* [TO DO]
Return each line of the listing below, unchanged, and omit the images.

* [PROVIDED MATERIAL]
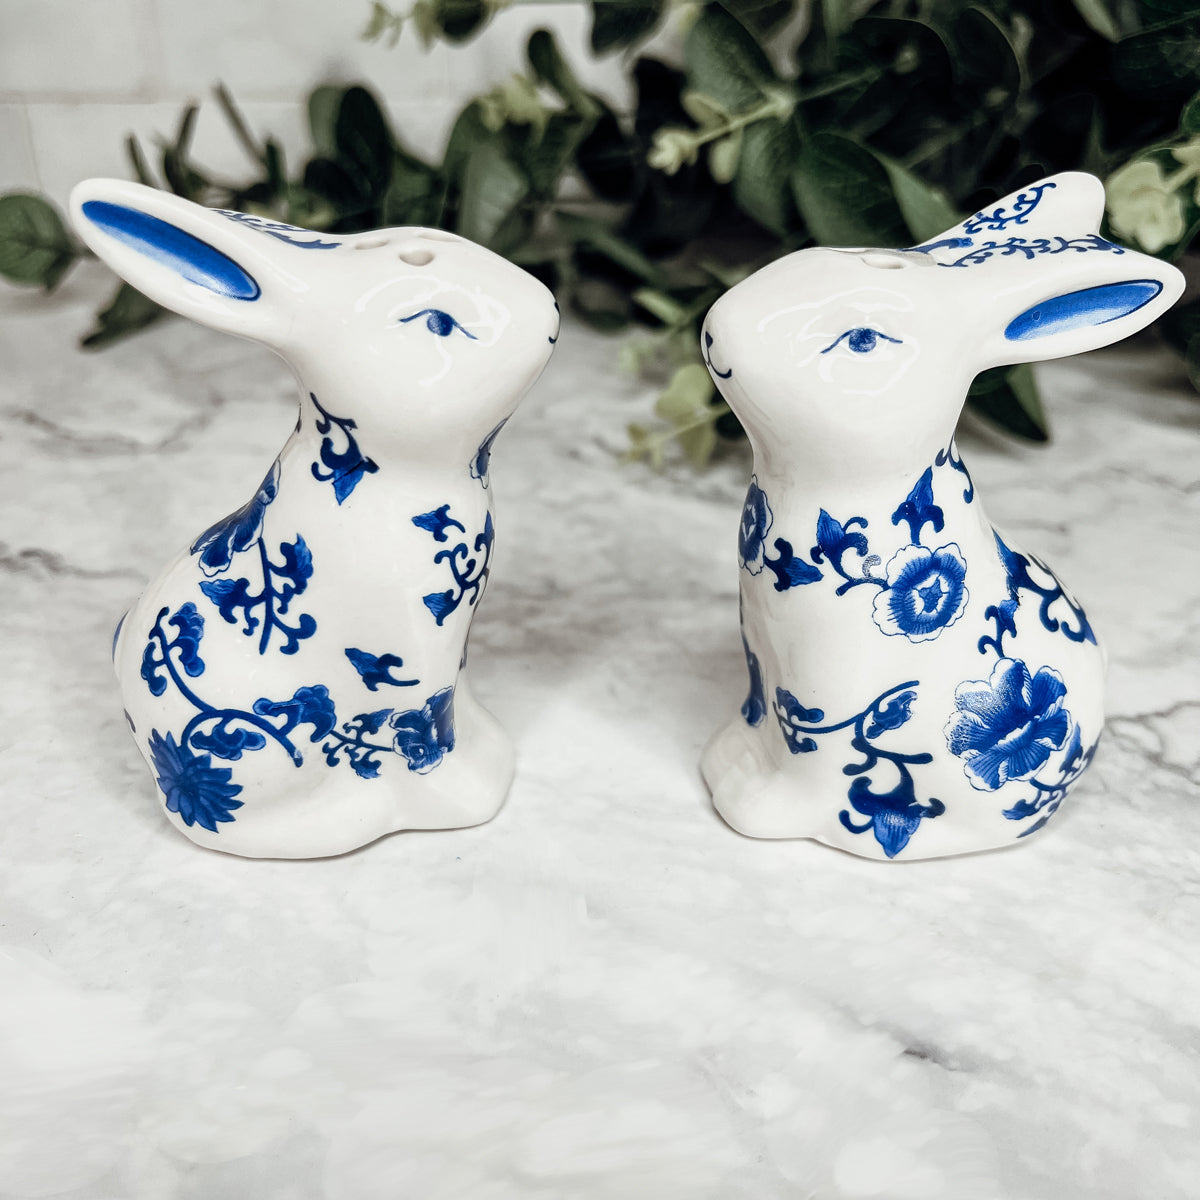 Handmade Salt and Pepper Shakers, Blue and White Bunny
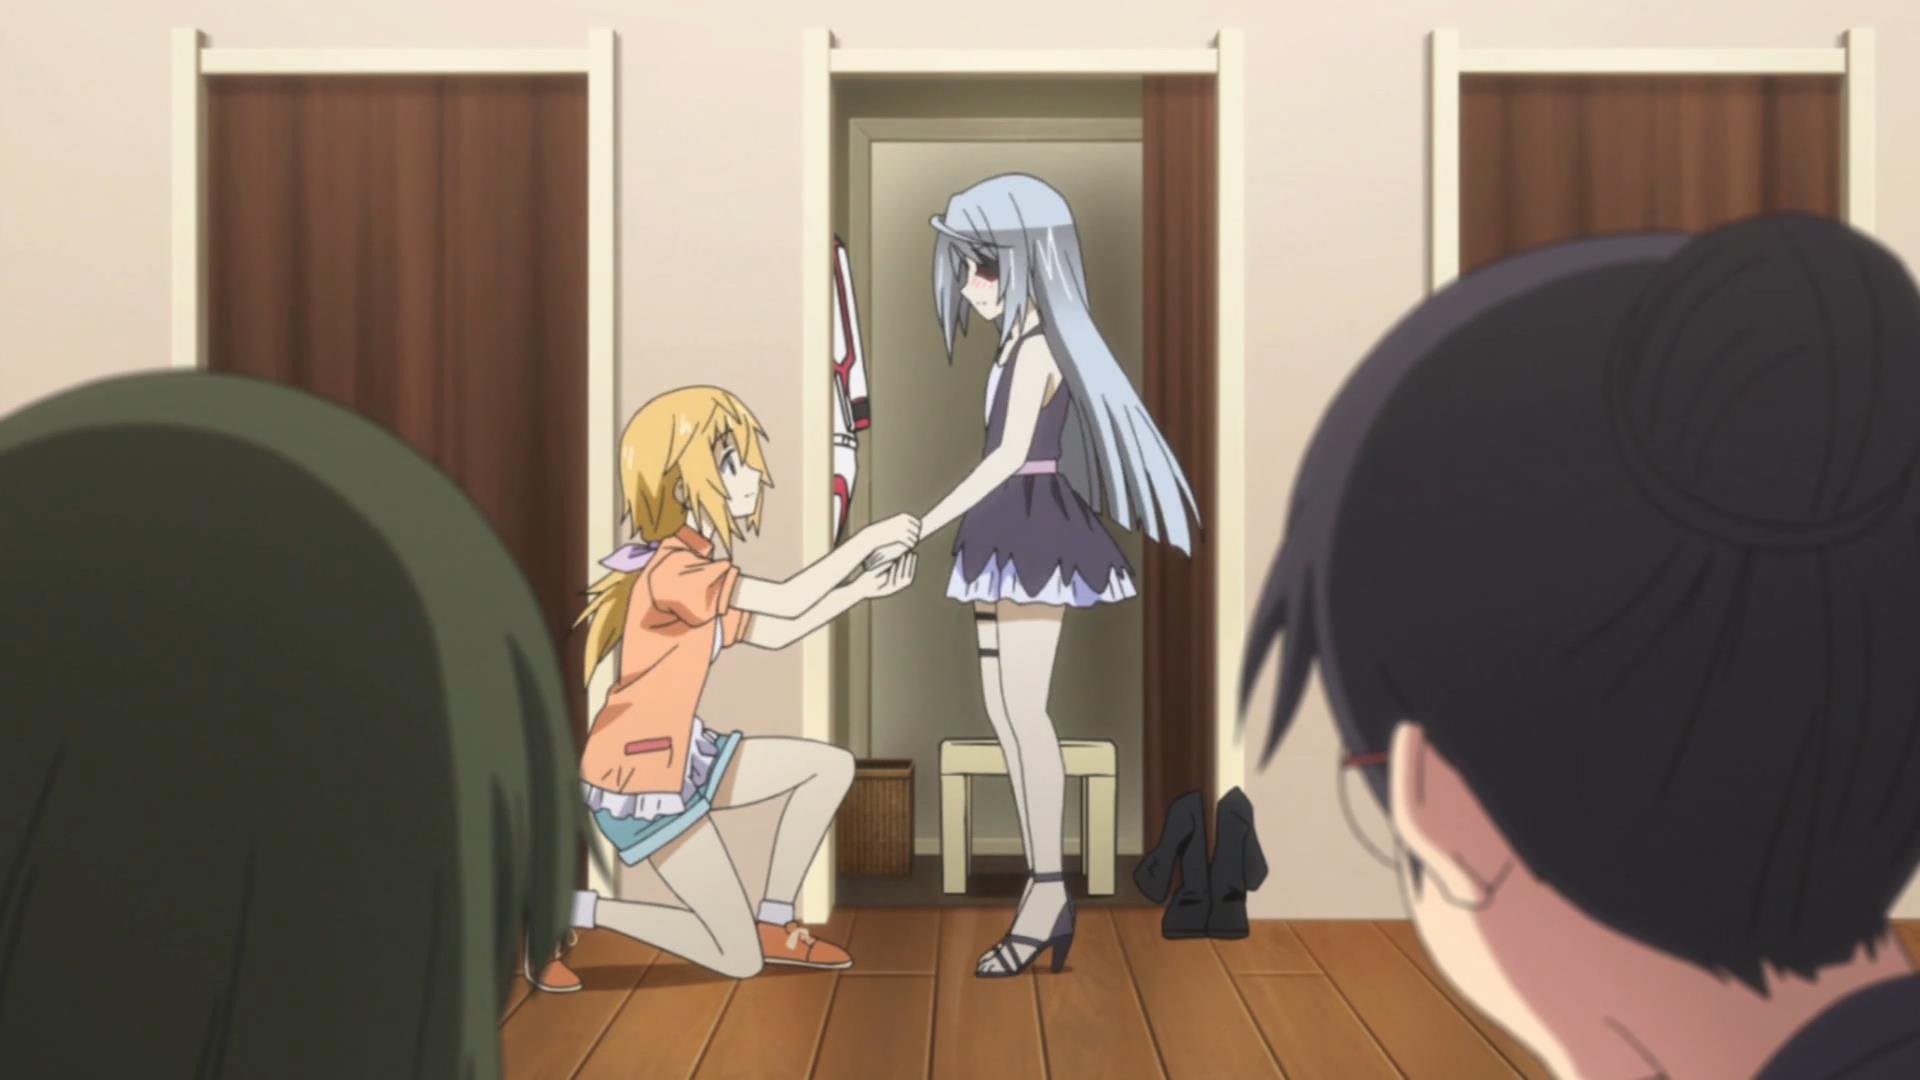 And of course, I talk about Infinite Stratos 2. Now, I’m not too ...
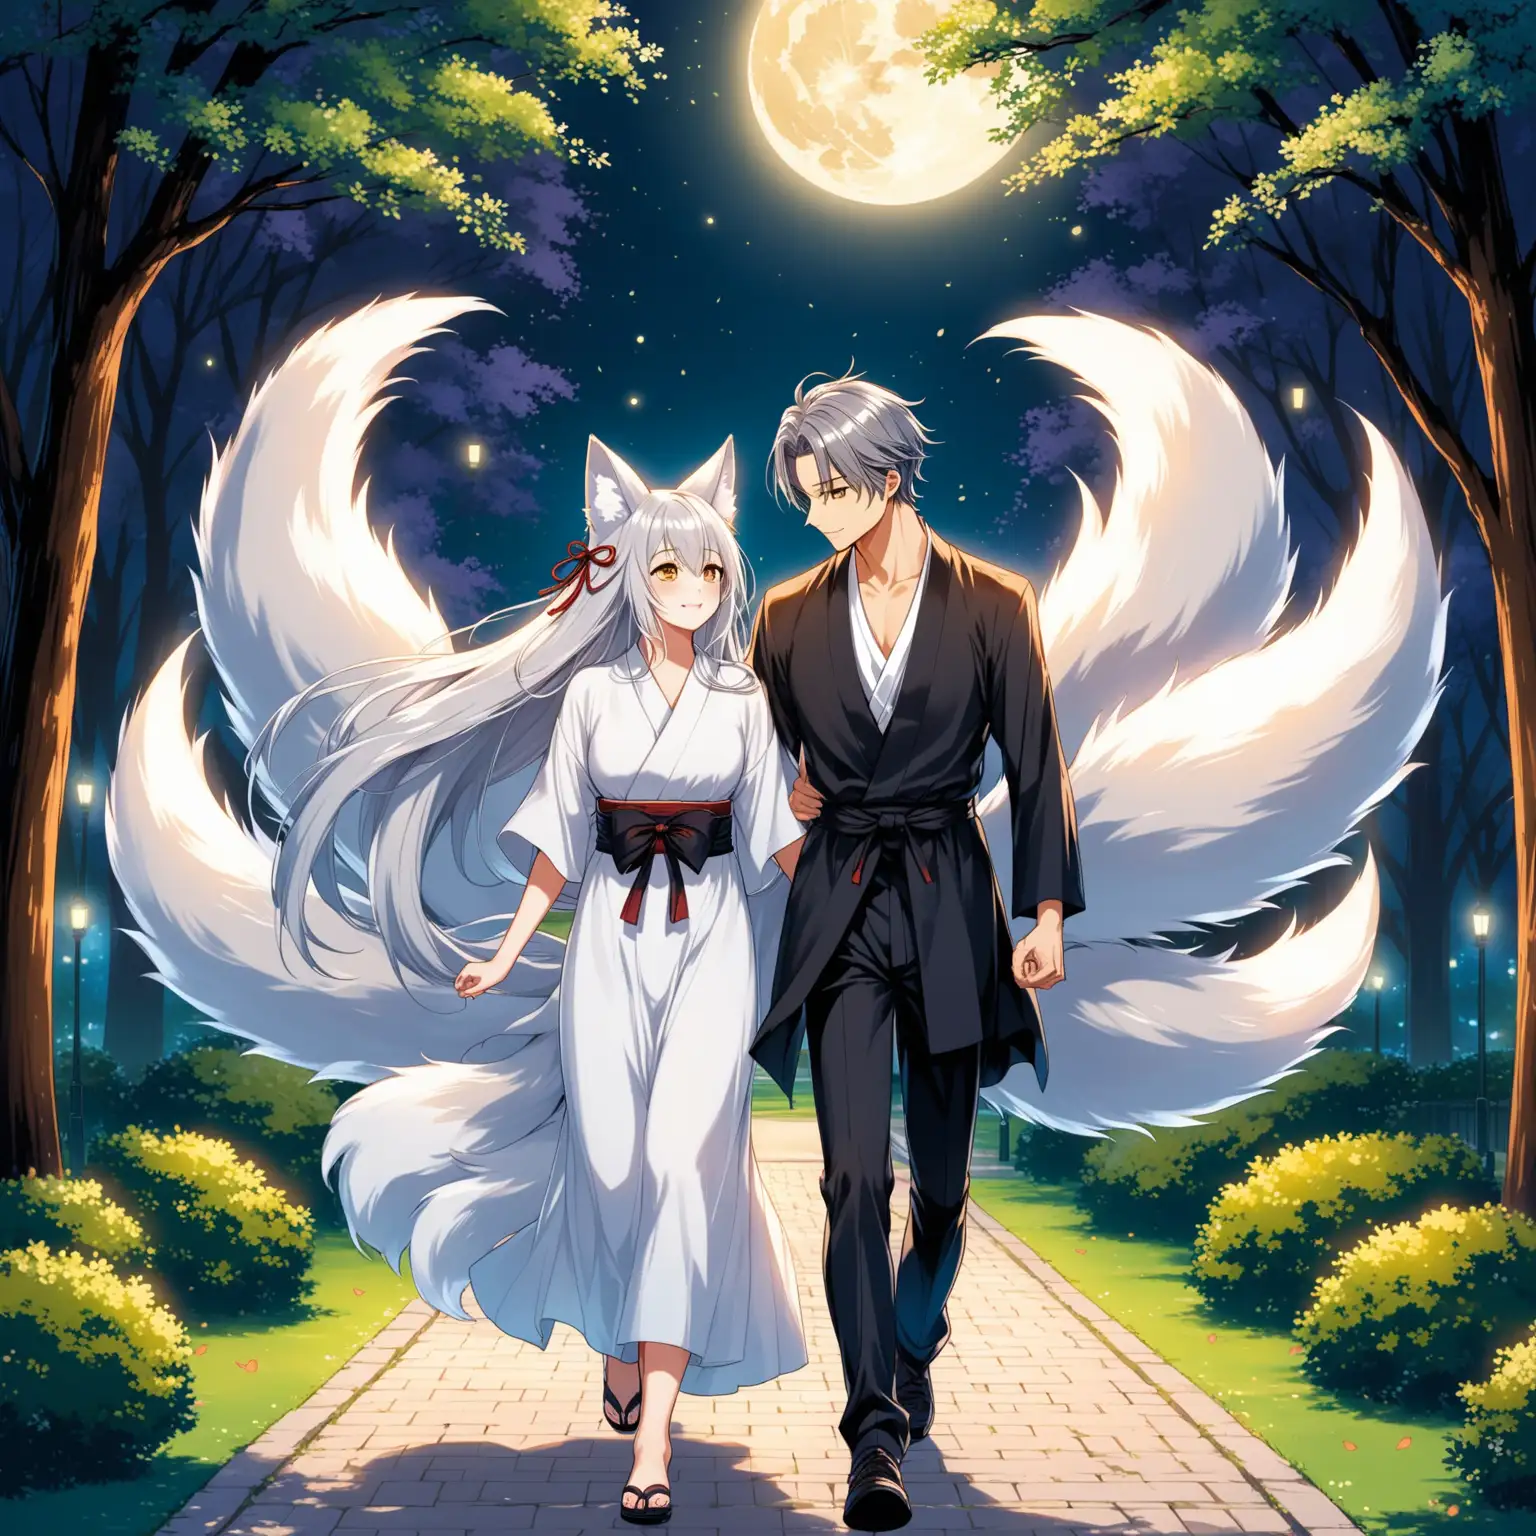 Moonlit Stroll of a Kitsune and Her Admirer
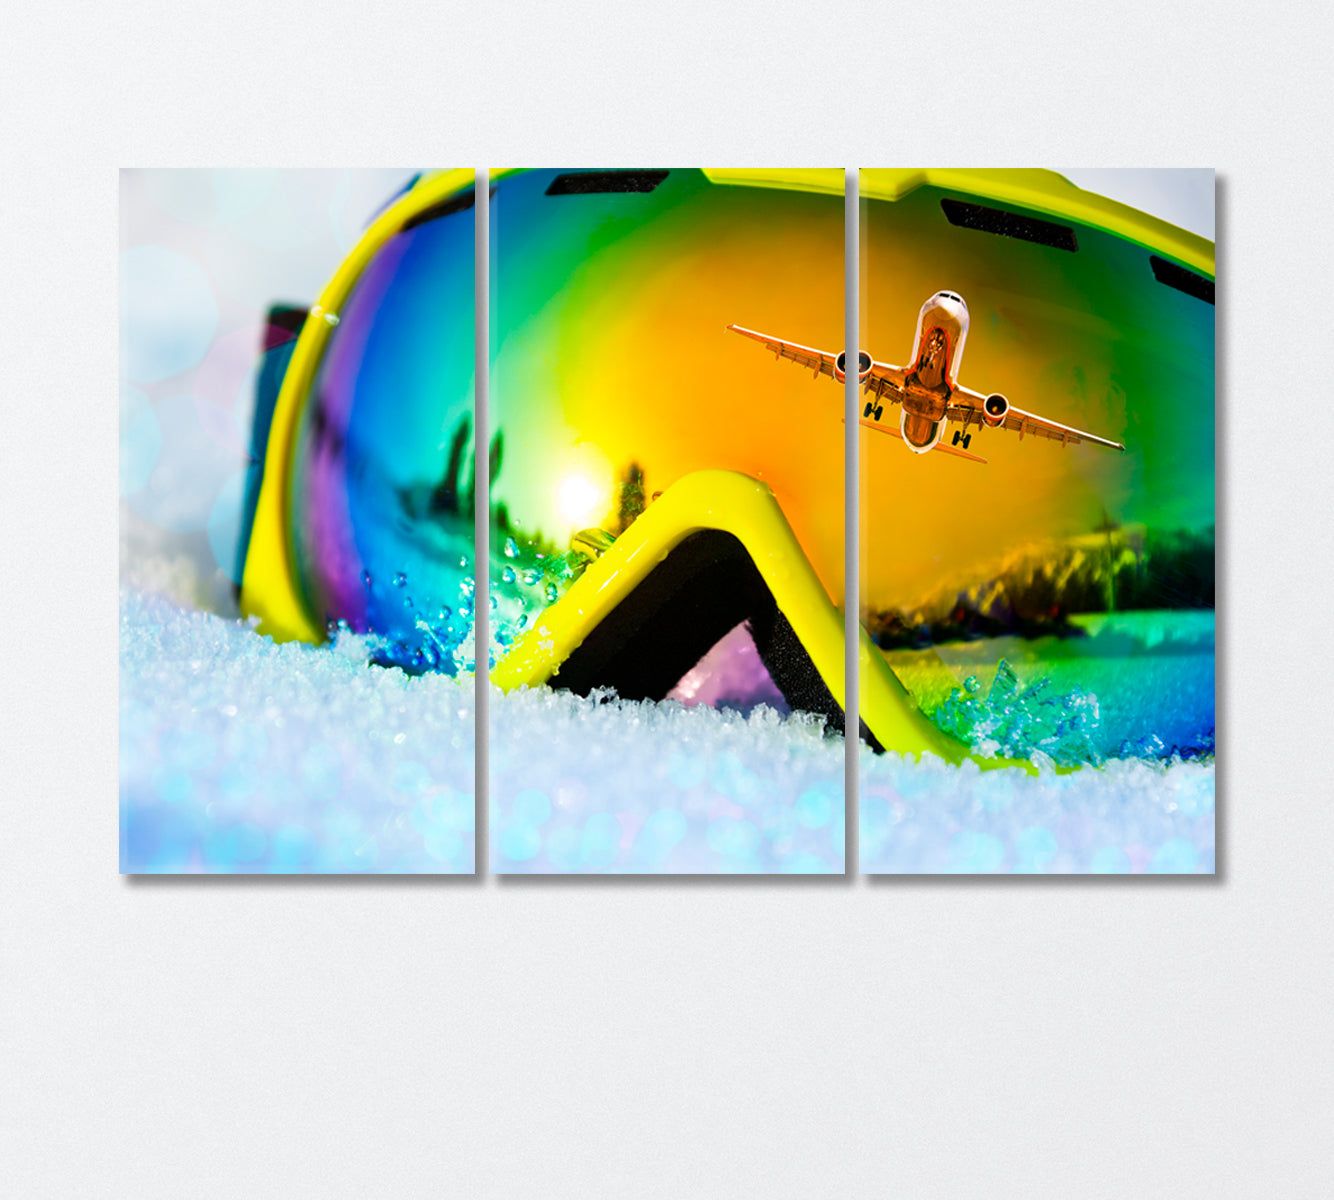 Reflection of Flying Plane in Ski Mask Canvas Print-Canvas Print-CetArt-3 Panels-36x24 inches-CetArt

* [TASK SOLUTION]
 Handmade Salt and Pepper Shakers, Blue and White Bunny
 And of course, I talk about Infinite Stratos 2. Now, I’m not too ...
 Moonlit Stroll of a Kitsune and Her Admirer
 Reflection of Flying Plane in Ski Mask Canvas Print-Canvas Print-CetArt-3 Panels-36x24 inches-CetArt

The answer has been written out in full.